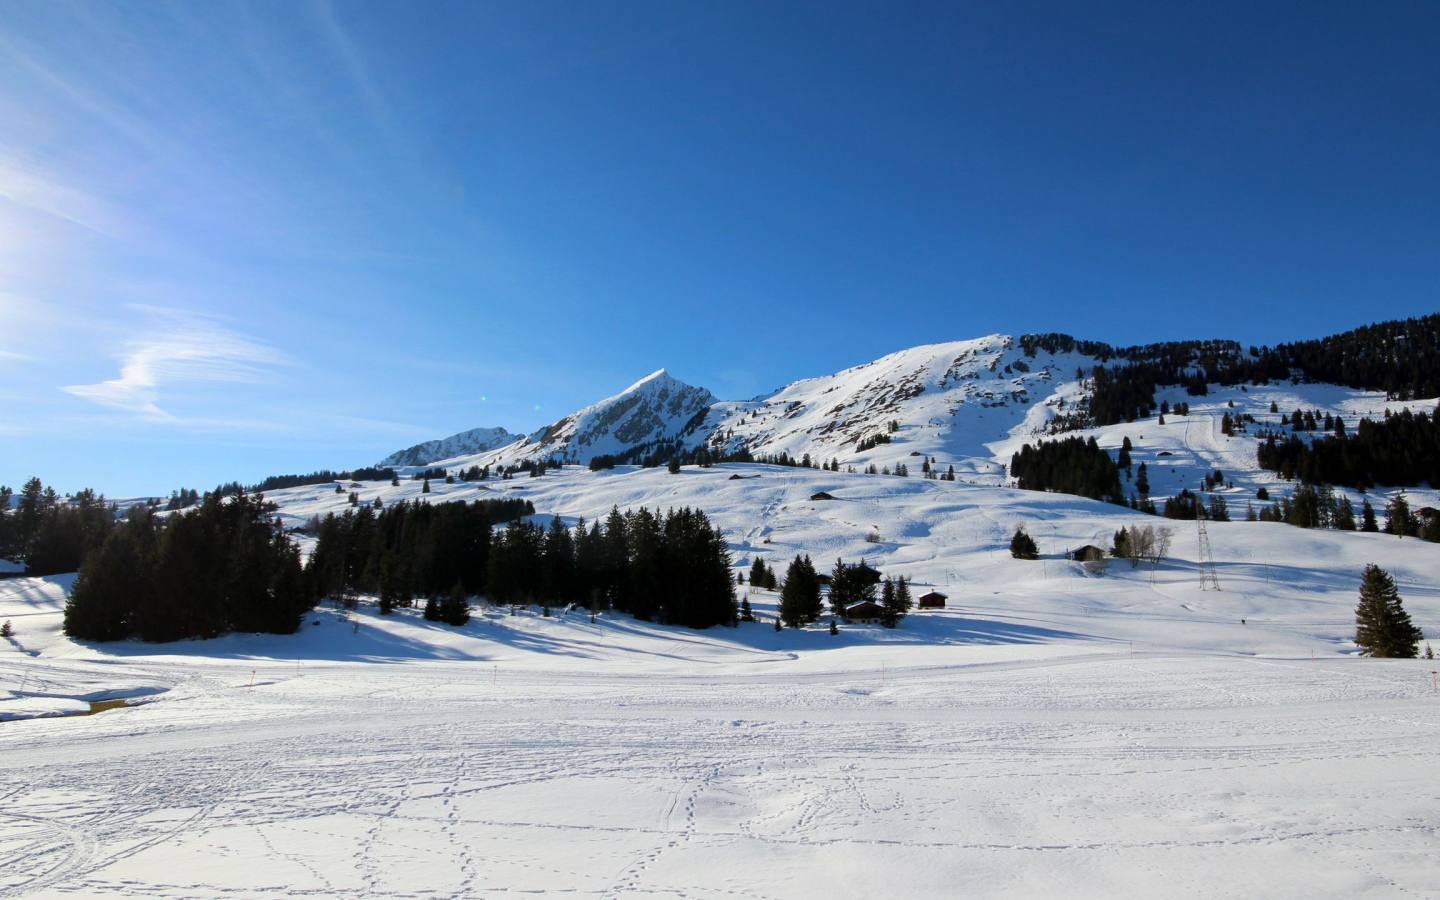 Ski trail in the mountains
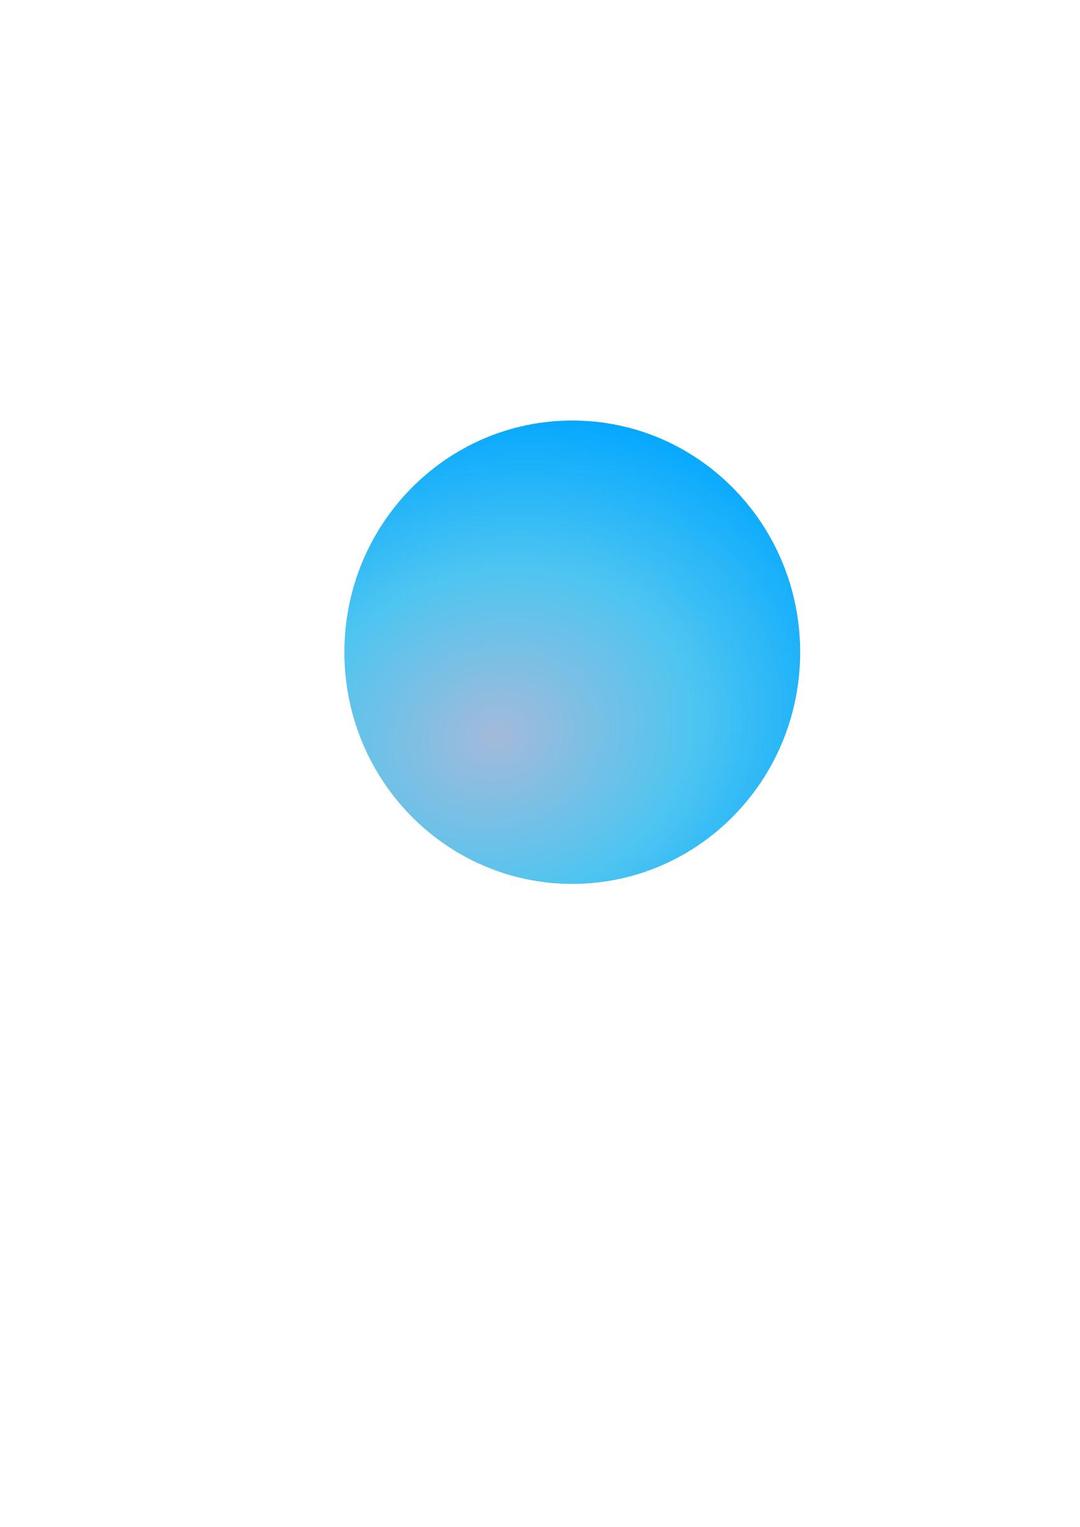 Planet Urano png transparent
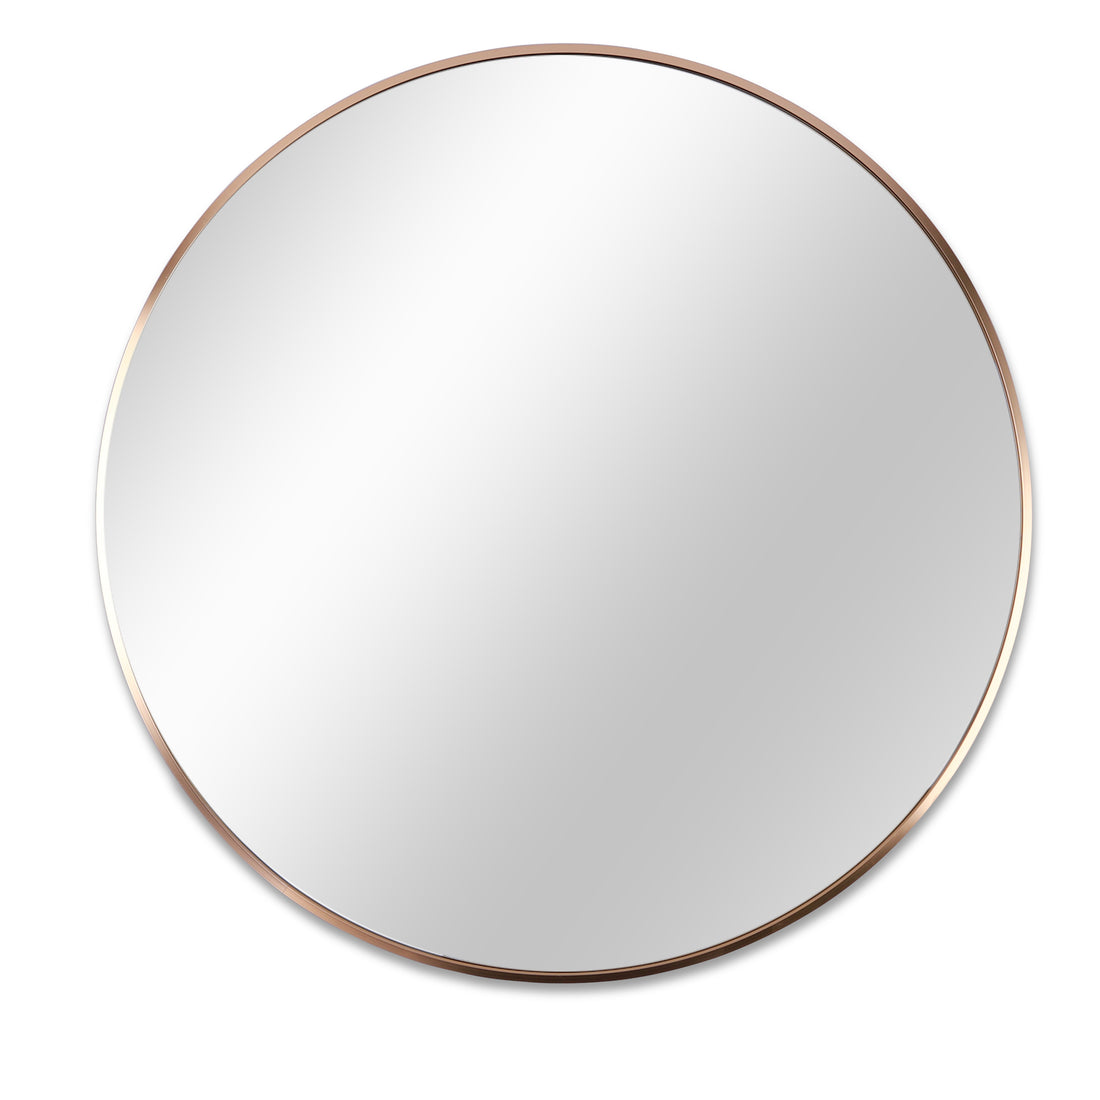 Gold 32 Inch Metal Round Bathroom Mirror gold-classic-mdf+glass-aluminium alloy

··········

• ABOUT THIS TASK
Once the pictures are set aside, please reproduce the remaining material word for word.

• ANSWER TO THIS TASK
 Ski trail in the mountains
 Planet Urano png transparent
 Gold 32 Inch Metal Round Bathroom Mirror gold-classic-mdf+glass-aluminium alloy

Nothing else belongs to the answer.